What’s With All These Vampires and Zombies?
Today is Halloween, a holiday with several meanings. For Christians it’s the eve of All Saints Day; for young adults it’s an excuse for parties; for children it’s the funnest day of the year; for TV programmers it’s the time to schedule one more horror movie marathon.
Anyone who follows popular culture must be aware of the increasing number of vampire and zombie movies and television shows in recent years. For vampire fans, we have Twilight, The Vampire Diaries, and True Blood. For zombie aficionados, we have Death Valley, Dead Set, and Walking Dead. And for those who love the two types equally, there is the new show, Deadliest Warrior, which features face-to-face combat between both groups of the Undead.
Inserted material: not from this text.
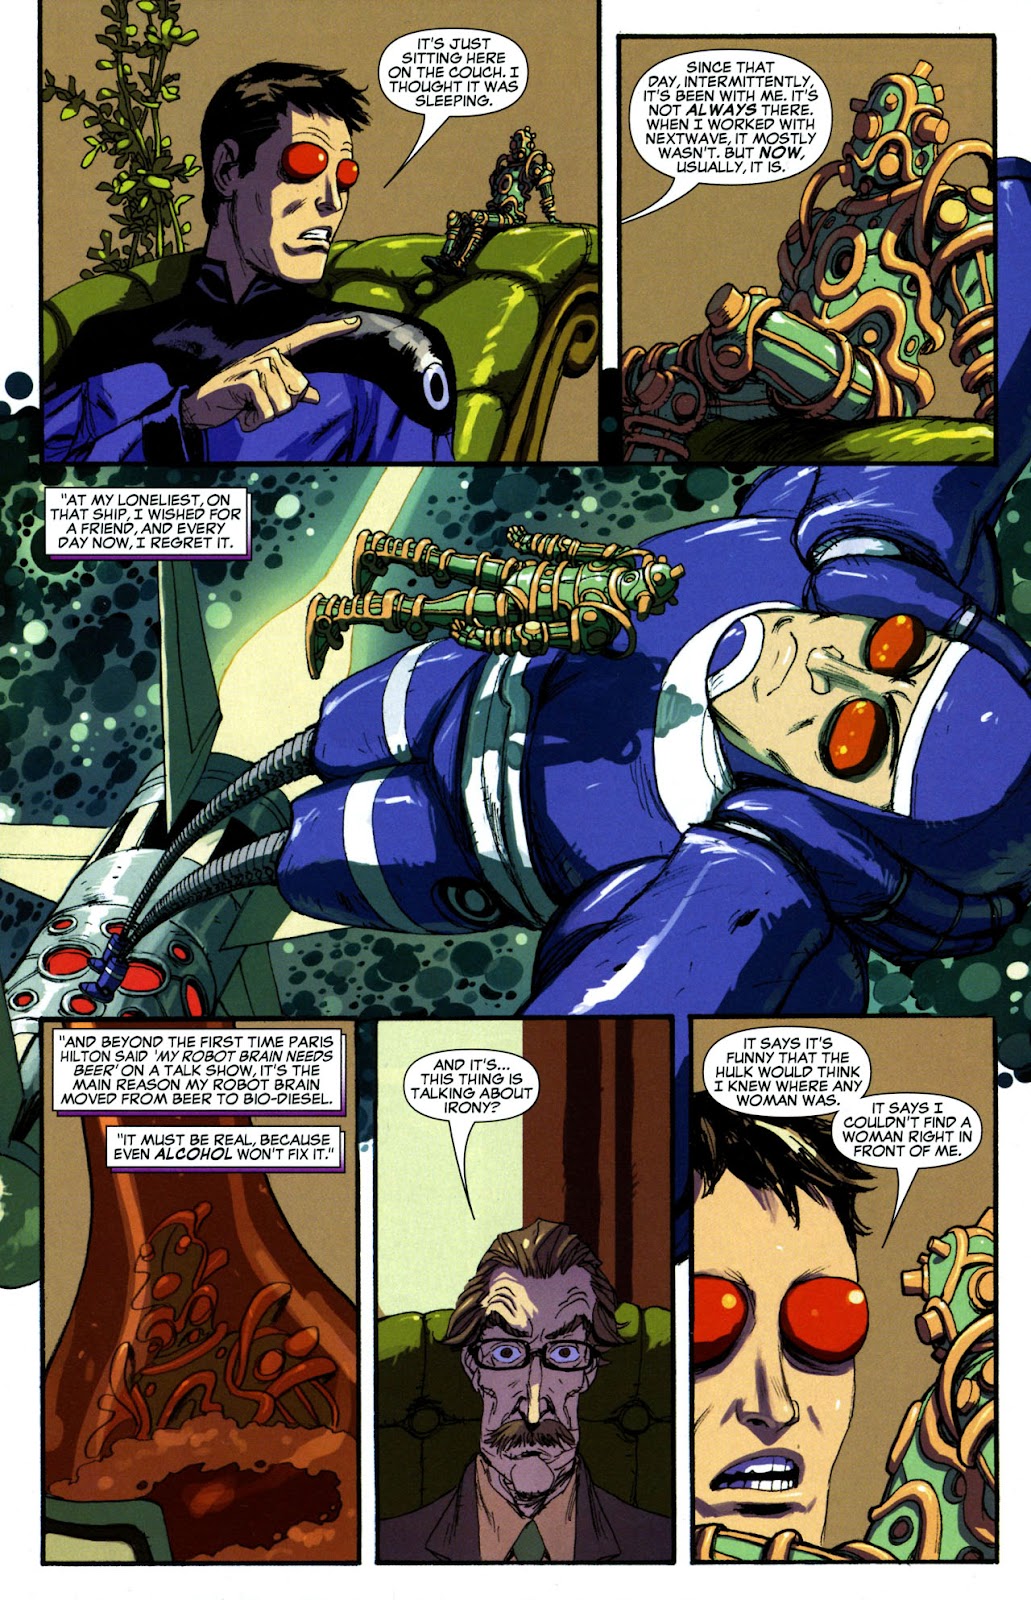 Marvel Comics Presents (2007) issue 9 - Page 15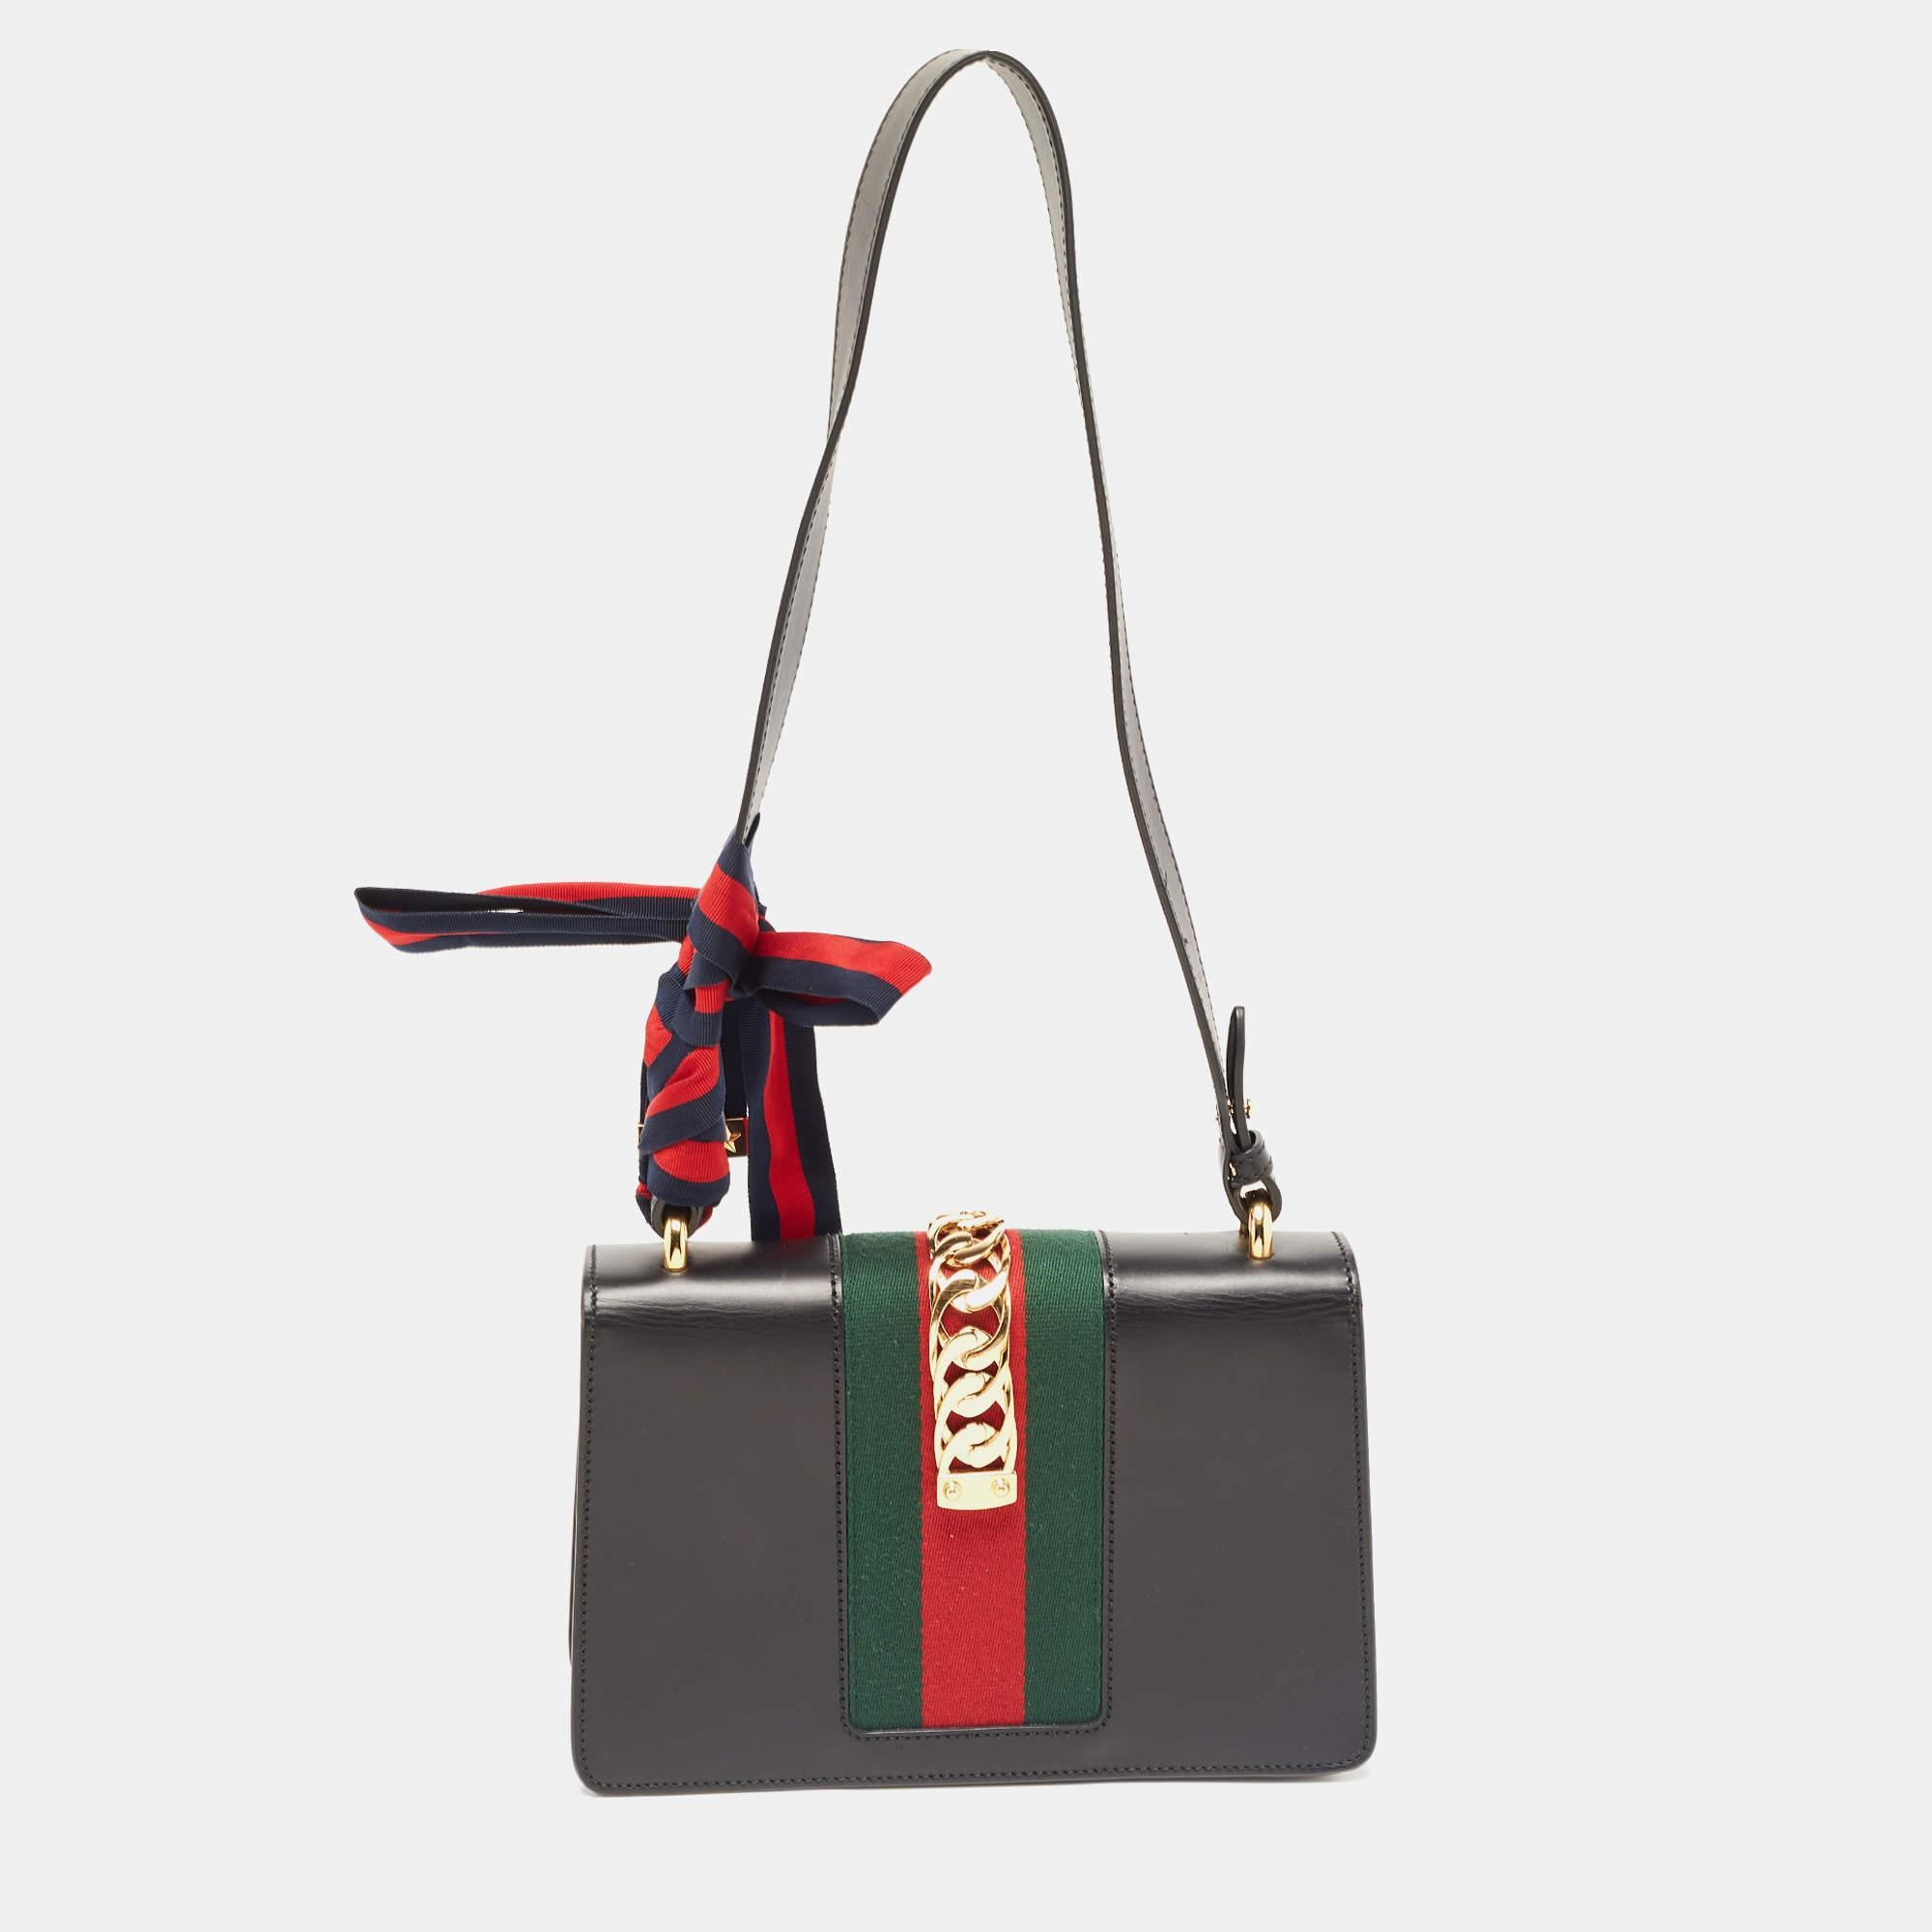 All the designs from Gucci, like this Sylvie bag, reflect a sense of innovation and tradition. Crafted from leather with a brand signature all over, it is admired for its alluring finish. The dual carrying options make it practical, and the

Word has it that vampires are fading and zombies gaining the upper hand these days. However we understand their relative cultural power, though, it’s clear that this pervasive fixation on the Undead is saying something that we need to hear. Why do so many people in our world find that tales of vampires and zombies provide them meaningful parables of life and death?
Vampires come to us from medieval Eastern Europe, and it doesn’t take a genius to see how Balkan peasants would have made up stories about local nobility who were figuratively and literally bleeding them dry. Remember that Dracula is a nobleman, a count; he’s a representative of the elite who exacted blood and money from those who lived in fealty to them. In more modern accounts, vampires have morphed into scary monsters (the Dracula movies) and then into Romantic figures living beyond the grave.
Zombies derive from West African and Haitian varieties of Voodoo. Originally, zombies were those who had subjugated their will to a more powerful figure and existed thereafter to do that person’s bidding. In contemporary culture zombies have become emblems of the breakdown of civilization, traveling in hordes preying on the living and eventually turning the entire population into flesh-eating zombies. If the vampires were figurative predators, zombies were metaphorical prey. Either way, they projected images of power and its abuses.
However you think of vampires and zombies, their resurgence in the 21st century suggests some pervasive cultural worries that should make us people of faith take note. While vampires may live beyond the grave, their ongoing existence doesn’t seem to resemble what Christians would understand as resurrection. That younger people find vampires to be symbols of everlasting love should signal to us that the young don’t know much about the Christian hope. And the kind of disintegration the zombies usher in feels like a parodic vision of Armageddon: in zombie land, the world ends in an orgy of mutual predatory destruction, but it does not usher in the City of God.
In the 1930’s horror movies spoke to a shared experience of economic devastation. In the 1950s they expressed anxiety about living in the nuclear age. In the 21st century, the resurgence of vampire and zombie drama suggests another era of cultural dis-ease. Vampires live forever with romantic but without divine love. Zombies bring about social destruction that suggests judgment without redemption. Both visions tell us that many younger people experience the world as a predatory place. They see themselves hanging on in a world with little hope of joy or peace.
As Halloween modulates into All Saints’ Day, those of us who follow Jesus need to remember a couple of things. We should remember what the Christian hope really is. It’s a hope of resurrected life in Christ that redeems and transforms our lives and the world’s. We should proclaim that hope to a culture that confuses the vampire existence with eternal life. We should also remember that we share our world with people who increasingly find it a fearful and hostile place. What kind of a picture of God and human destiny are we in our witness showing to the world? What kind of comfort, care, and ministry are we providing for those who find life a frightening enterprise?
Vampires and zombies are abroad in our culture as signs of the pains and fears you and I as God’s loving agents should be attending to. They’re not just harmless monsters. They stand for what upcoming generations fear and dread the most. If we have eyes to see and ears to hear, we’ll let these creatures alert us to opportunities for love, service, and the proclamation of good news.
So much for my amateur cultural theoretics; take them for what they’re worth. Sometime I’ll share my thoughts (and strategies) on Angry Birds! Happy Halloween. And, more importantly, Happy All Saints’ Day.